Ну, это правда. Сейчас мы сдали в издательство английский вариант, возникли вопросы перевода. Книжка писалась сразу на двух языках, и мы обсуждали каждую главу вместе и работали все время в обсуждении — нельзя сказать, что это монолог, это был постоянный диалог. Часть глав писалась на русском изначально, а часть — на английском. Мы работали все время на двух языках, и на двух языках шло обсуждение этих текстов. Перевод заставляет по-другому посмотреть на текст, особенно с точки зрения понятийного аппарата: как перевести, например, понятие, которое используется в западной историографии, на русский язык, а как донести понятия или выражения, которые значимы для русского языка, до западного читателя. Так процесс перевода (это вроде бы не исследование), заставляет иначе относиться к тексту, даже иногда еще раз прочитывать и делать двойной перевод.
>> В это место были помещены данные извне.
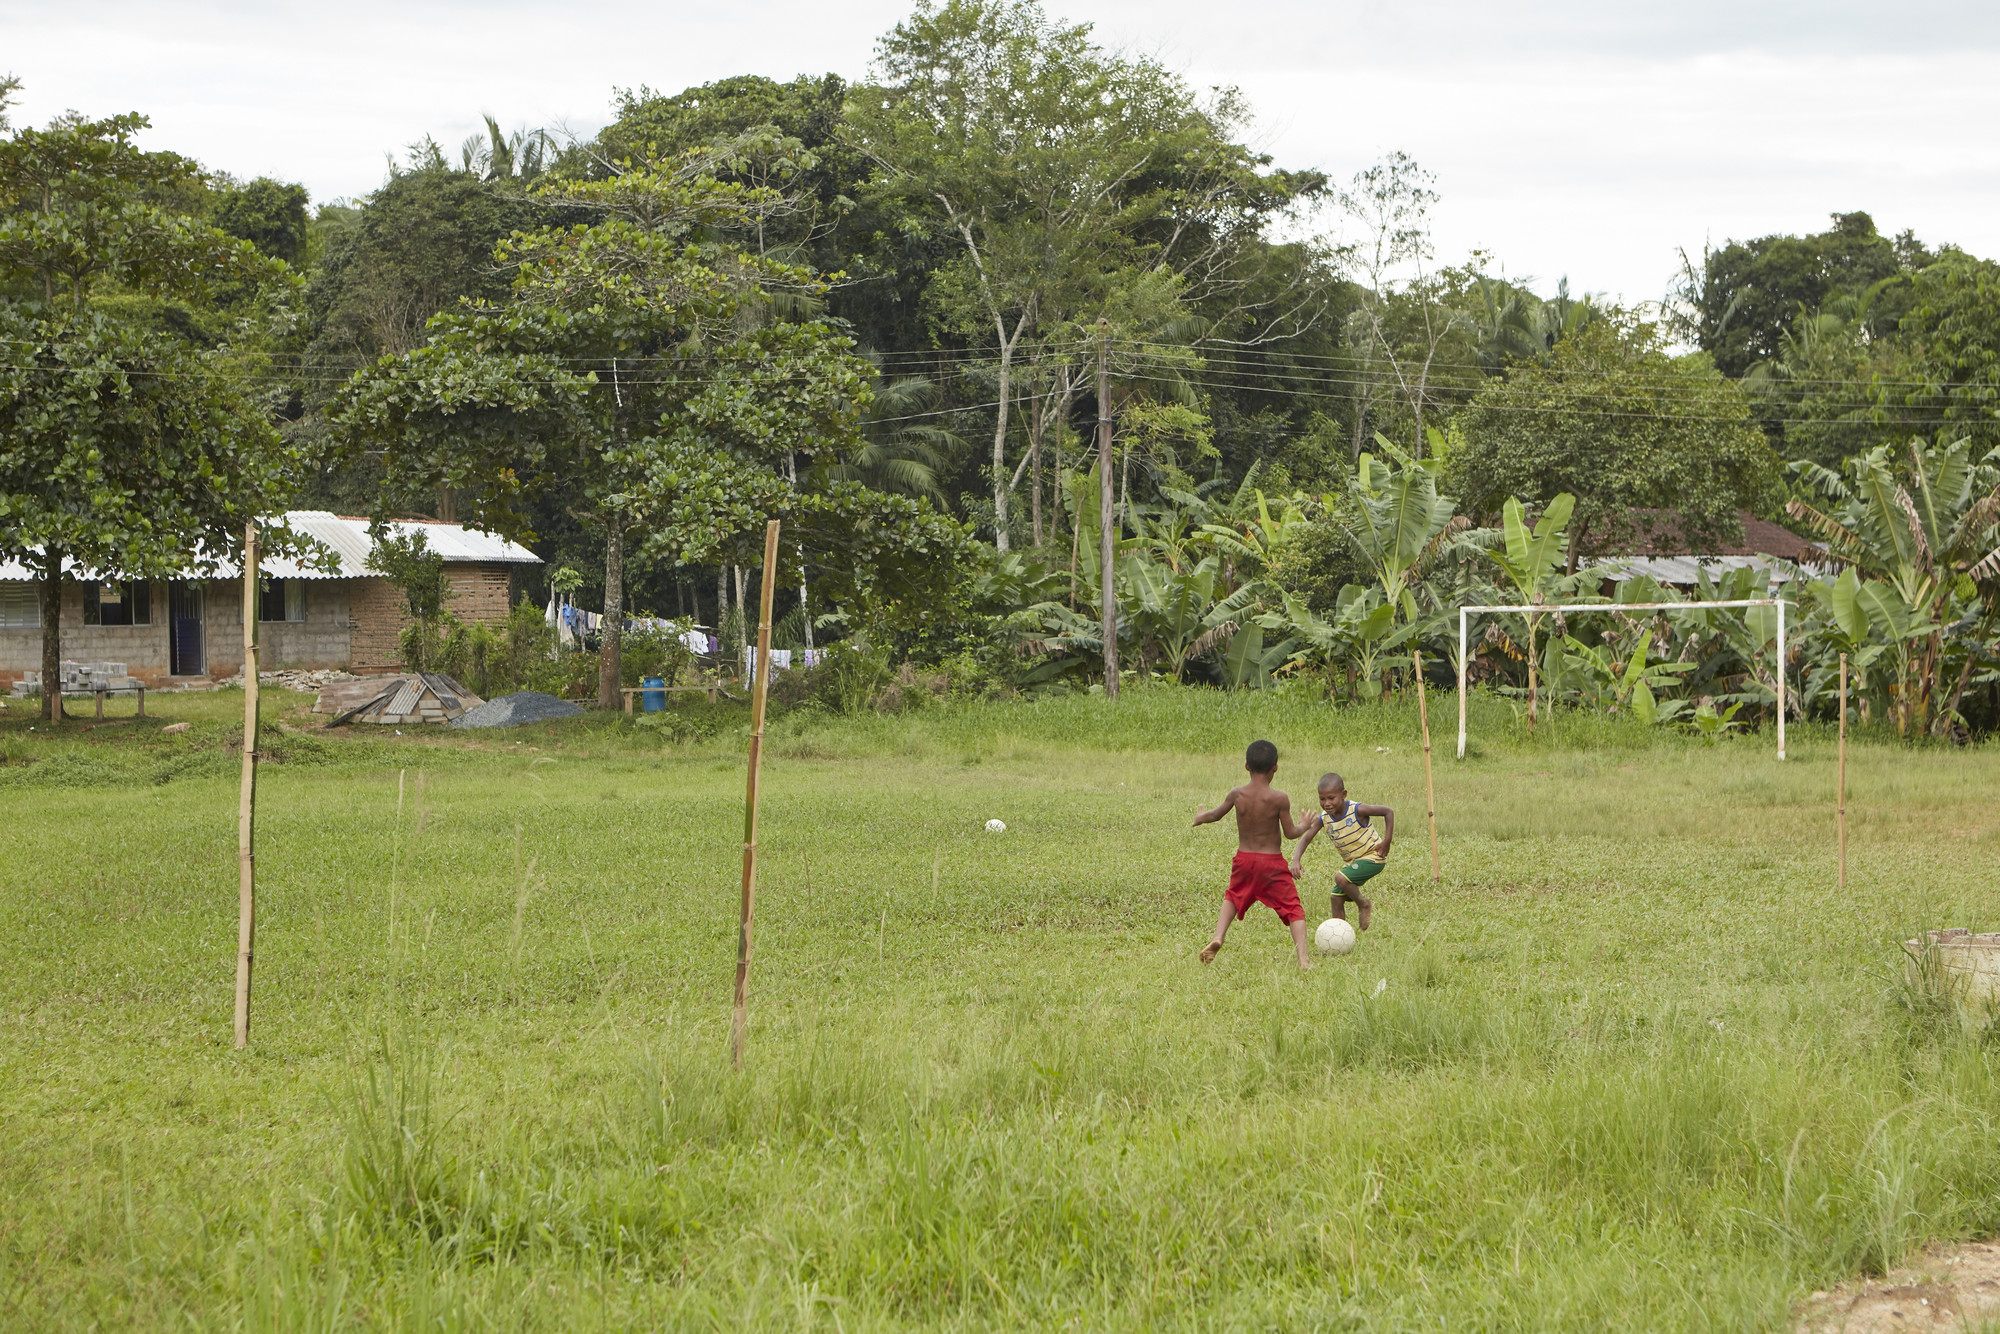 Children playing football, Quilombo São Pedro. Capture of content for the campaign "It's time for the roça", in defense of quilombola roças. The campaign aimed to pressure the state government to issue licenses for the opening of new swiddens, highlighting the importance of the traditional way of planting and the right of quilombolas to their own territory @Agê Barros / ISA

— Я обратил внимание на то, как бережно вы говорите о ценностном ряде народников, во многом их определяете через ценности (в частности, мессианские), которые они транслируют. Сам Чарушин называет деятельность народников зачастую религиозной (хождение в народ — это как крестовый поход). Уже в 20-е годы писали, что, мол, вы, народники, неправильно свои силы расходовали…
И вообще ваши усилия были напрасными.
— Как вам кажется, эта логика мессианской помощи народу не предполагает радикальных социальных преобразований? То есть это логика «малых дел»?
Постепенных. Еще не малых, потому что теория малых дел — это другая история. Здесь есть идея революционного преобразования, но постепенного: не сразу, не одним махом все разрушить и создать что-то новое, понимая, что для того чтобы произошла революция, придется пройти долгий-долгий путь. Нужно, чтобы для этого были подготовлены условия. Для этого течения народничества — пропагандистов, чайковцев — идея долгого пути к революции была очень важна. Это важный момент в книге, который мы как раз обсуждали. Спасибо, что сказали про «бережное отношение», — мы старались быть очень аккуратными, потому что стереотипов и мифов о народниках очень много: либо все они террористы, либо все они наивные дети.
Были в западной историографии работы, в которых говорилось, что в народники пошла наивная, глупая молодежь, которая ничего не понимала. Нам очень хотелось уйти от таких стереотипов и крайностей в оценке. Когда читаешь личные документы, то понимаешь, что это были живые люди — со своими сложностями, жизненным выбором. И ты пытаешься понять не в целом абстрактное течение, которое куда-то шло, к чему-то привело, чем-то увлекало, — ты смотришь на живых людей и начинаешь бережнее с ними обращаться, потому что понимаешь, как им было сложно в жизни, как приходилось делать этот трудный выбор. И тогда перестаешь осуждать и наклеивать ярлыки.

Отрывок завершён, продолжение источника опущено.